While the films Gerwig and Baumbach have made take place in the present day, they are intentionally imbued with a vintage “vibe.” But if Gerwig sees Frances Ha as a product of the late '50s and early '60s, Mistress America owes its sensibilities to the late '70s and early '80s: a sort of “Melanie Griffith thing.” “There was a kind of character that was present in a certain kind of '80s movie, like in Something Wild and After Hours,” Gerwig explains. “Whatever happened to that character and why did she disappear from cinema, and can we bring her back?” Brooke’s social aspirations are also of a more '80s milieu as well. “She’s not a bohemian artist who lives in Brooklyn and only does hip stuff,” Gerwig says. “She wants to be a square in some ways. She wants to be a yuppie. Even that distinction between the yuppies and the downtown people is a more '80s distinction.”

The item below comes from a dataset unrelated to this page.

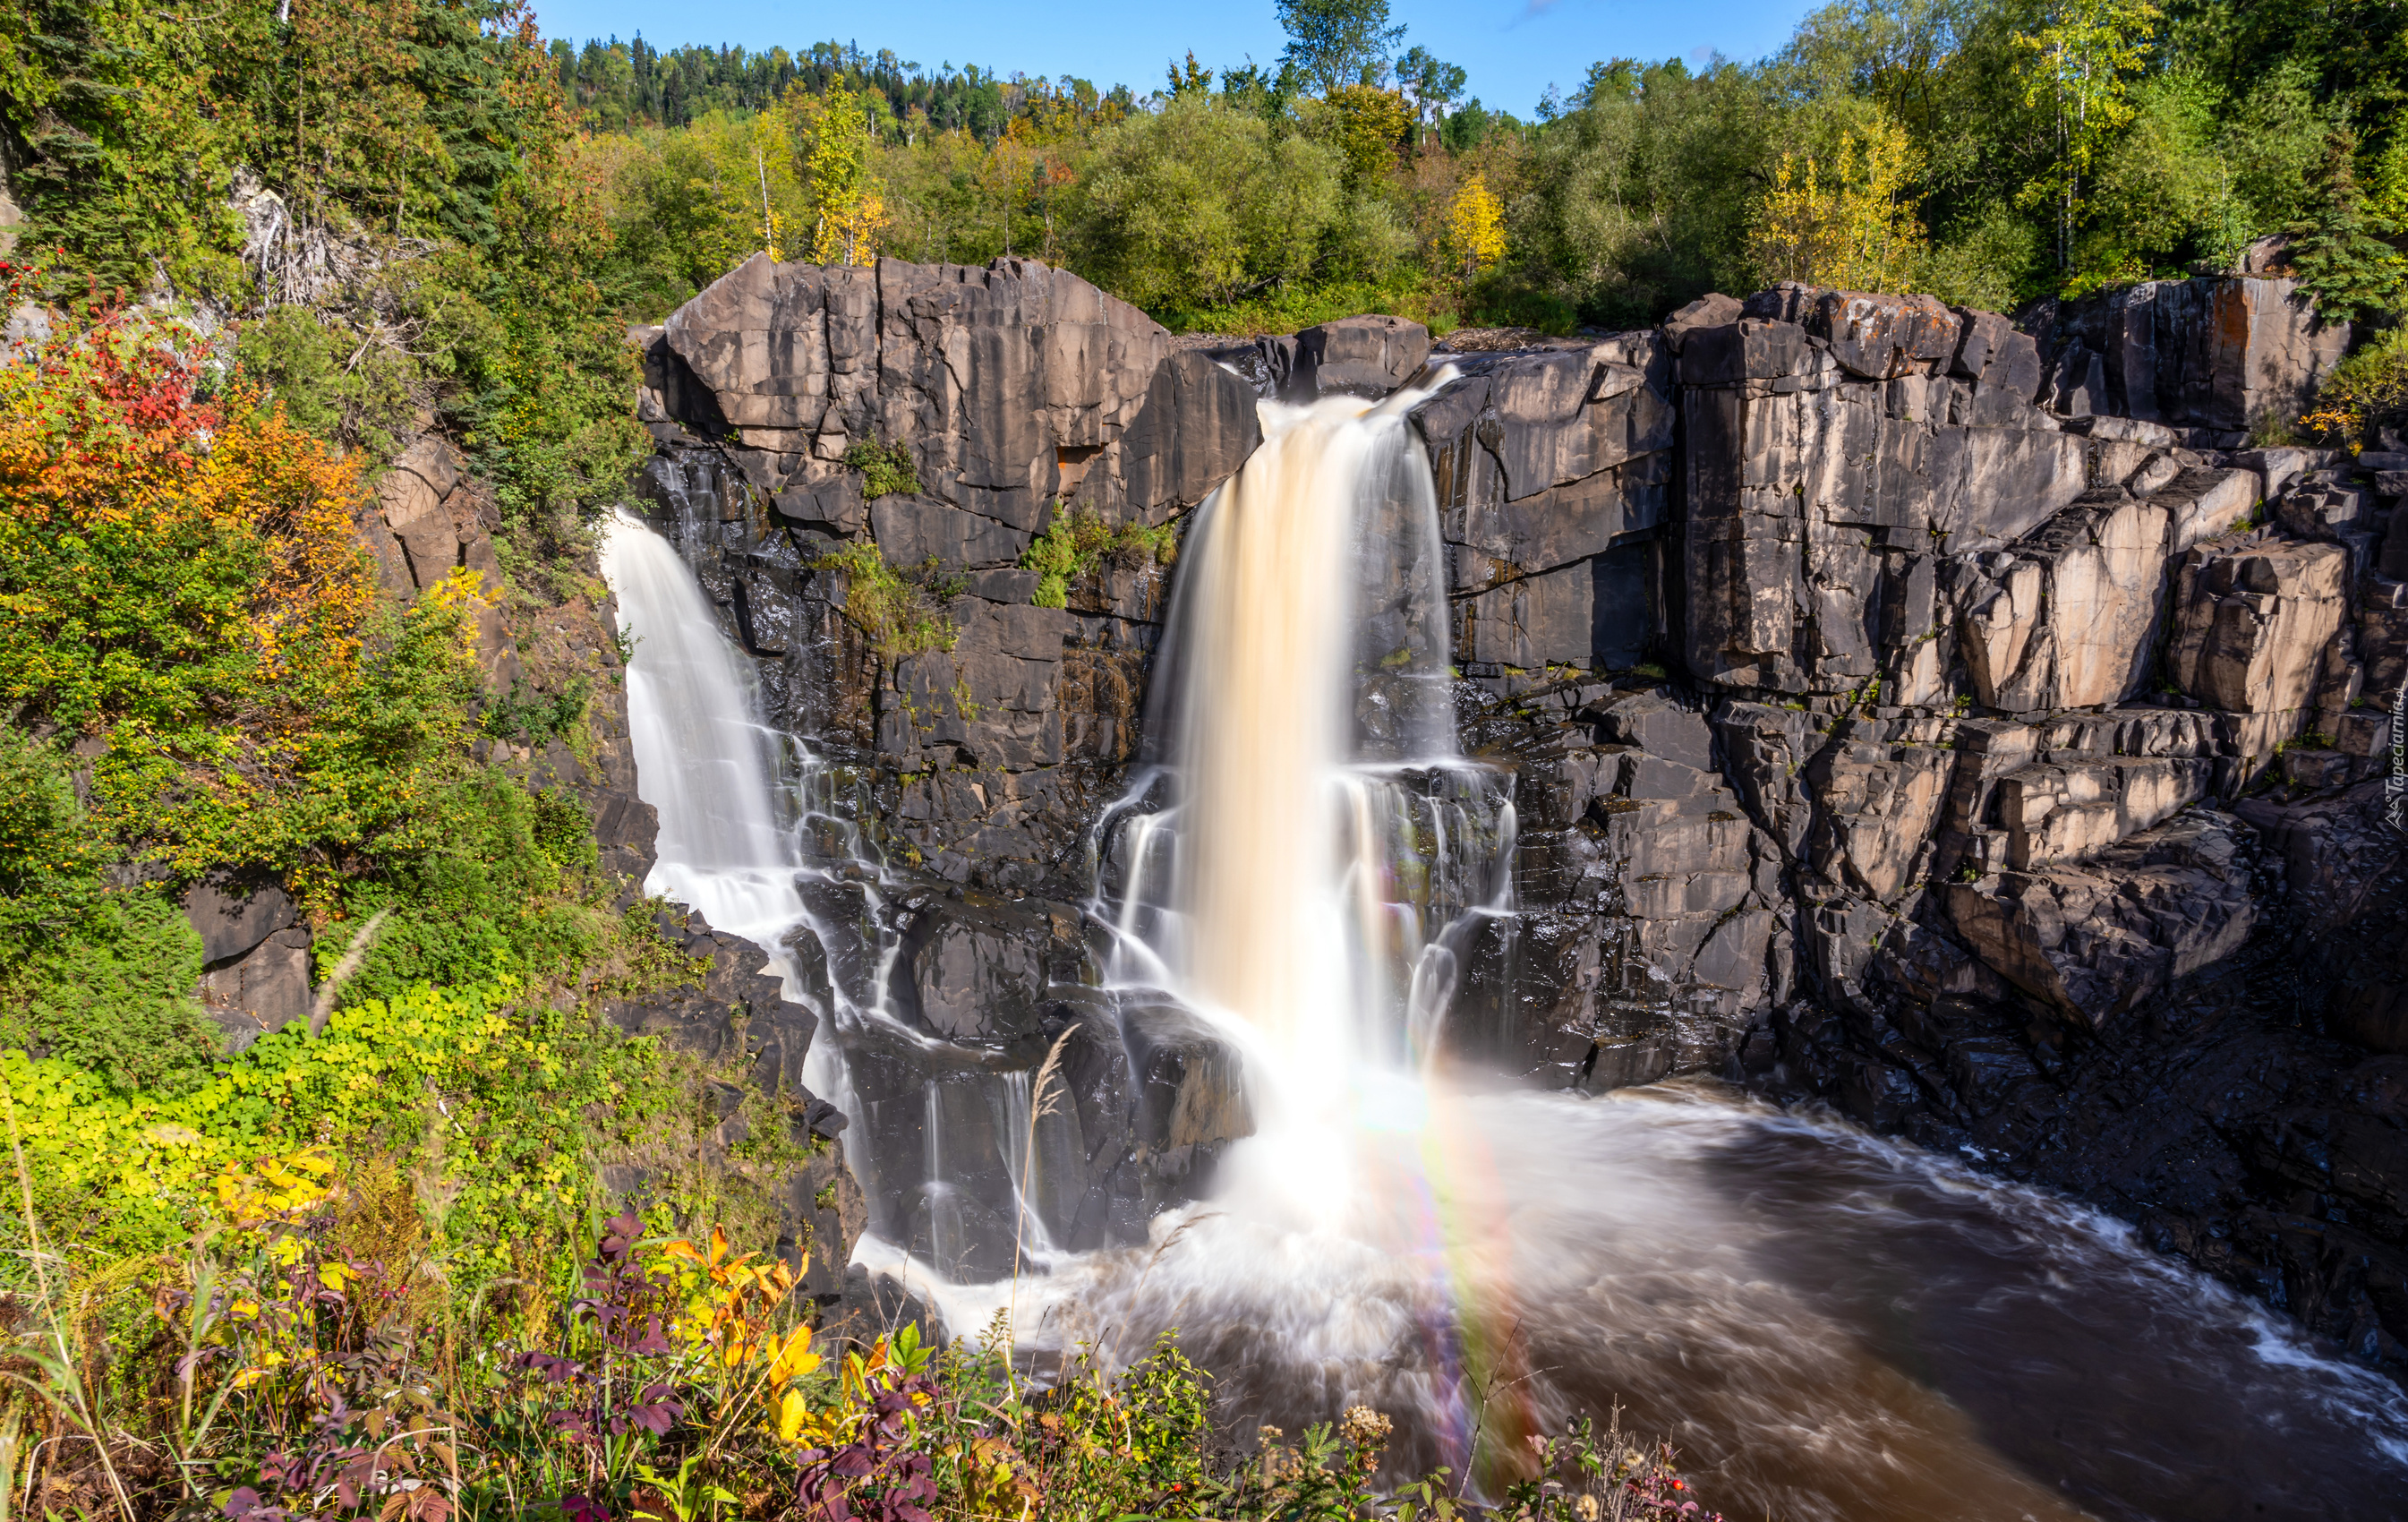 Wodospad, Skały, High Falls of the Pigeon River, Rzeka Pigeon River, Drzewa, Park stanowy Grand Portage, Stan Minnesota, Stany Zjednoczone

Photo: Courtesy of Fox Searchlight.
Screwball Comedies
Brooke also has earlier cinematic roots. She’s a gold digger in the style of Claudette Colbert. “We were definitely thinking of screwball comedies,” Gerwig says, referencing the Preston Sturges film The Palm Beach Story, in which Colbert plays a woman in search of a wealthy husband. “What I love about Brooke is, if she had 10% less integrity, she would have married some guy she didn’t like who had money. She unfortunately had just enough integrity to fuck herself for the life she thinks she wants, which is sort of tragic but also noble.” Real-Life Relationships
If Gerwig is any character in the movie it's Tracy, not Brooke. (Like Tracy, Gerwig went to Barnard.) One moment in the film, when Tracy tells Brooke she doesn’t know how to use a coffee maker, was derived from Gerwig’s real life. “I completely idolized so many women,” she says. “I’m still really prone to it, and a lot of that stuff was taken directly from different experiences I had in different circumstances. I said, ‘I don’t know how to use a coffee maker,’ and [a woman] looked at me and she said, 'You do. Stop pretending to be incompetent.' It was this moment where I was like, Oh my God, she’s right. I’m pretending to be incompetent and I’m not.” Like Frances Ha, Mistress America is more concerned with platonic ties between women who love each other than with romantic relationships. Movies don't often go there, and Gerwig has found that her bonds with other women have been “some of the most vivid” of her life. “Even when I was young, like Tracy’s age, I had some feeling of: Boyfriends will come and go, none of us are going to marry these guys," she says. "[Those romantic relationships] are playacting for an adult life that may or may not come to pass, and the actual intense attachment and emotion was, for me, around female friendships.” Mistress America arrives in select theatres August 14.